Salt Creek Park, just outside of Port Angeles, is a quiet little campground and picnic area that is far enough off the beaten path that the crowds never find it. If you are camping, look for sites along the forest loop, especially those along the edge of the low bluff. These camp sites are only a few yards above the waves.
It think the beach is one of the most picturesque in Washington. The point shelters a small bay with grassy meadows that lead to the base of tall tree-covered peaks. There is a small island in the bay that you can walk to during low tide - but you better be a good swimmer or patient if you linger too long!
You can find Salt Creek by taking route 112 thirteen miles west from Port Angeles. Turn right on Camp Hayden Road and follow it three miles to the park.
Grab your hotel provided walking stick and go for a walk in the woods and find that largest banana slugs in the North America!. Best time of year is May, June, or October. They range in size up to eight inches long! The slug has two sets of antennae- long ones are for seeing and the short ones are for smelling. The slugs leave a mucus slime trail as they move. You can find them on trees, branches and under logs.
Banana Slugs are scavengers of the forest. The typically eat only decaying organic matter and turn it in to a more usable waste for the forest floor. The practice of putting salt on the slug is "cruel and unusual!" When this happens the fluids in the slug flow to the outer mucus covering of the creature and it just dies of dehydrate as it tries to neutralize the salt. If the slug is in the way, simply scoot it off to the side and it will find a place in indirect light.

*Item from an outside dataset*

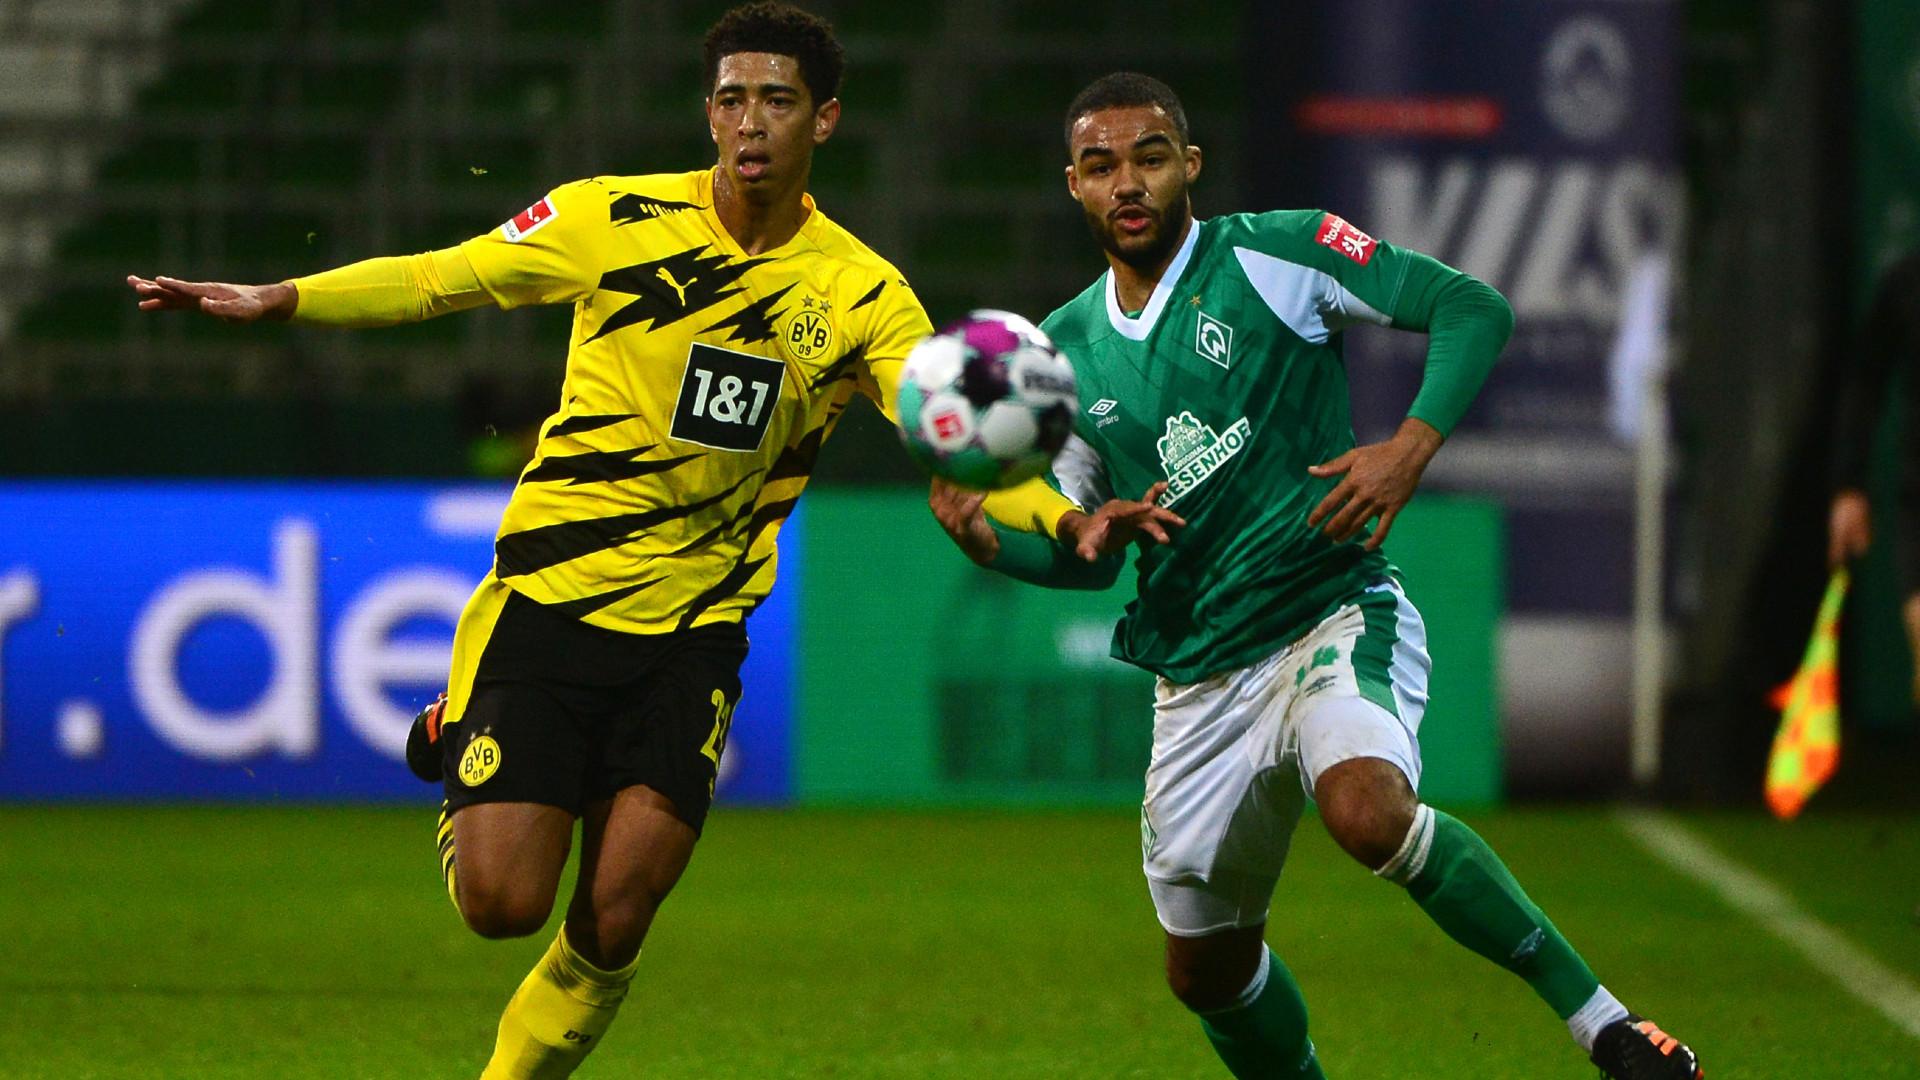 Off Programm Stadionheft BVB Borussia Dortmund v Werder Bremen Bundesliga 19//20

The Banana Slug(ariolimax columbianus) lives in the moist forests on the west coast of the United States. It feeds only between the temperatures of 10-16C(50-60F) and eats in 48 hour cycles- Eats for 24 hours, the fasts for 24 hours. Typically eats fallen leaves, lichen and mosses or other organic decaying materials on the forest floor.
Oh Canada. Just across the waters from the Park is another country. See it in a day or tarry longer in the faux British atmosphere of Victoria. If you listen closely, you will notice that they all speak a bit funny up here. Victoria has plenty to keep you occupied and the best way to first see it is from the Inner Harbor, which you can only get to via floatplane from Vancouver or ferry from either Seattle - Princess Margaurite - or the Coho from Port Angeles. There many fine pages covering Victoria. I will refer you to those of rmdw and ann75.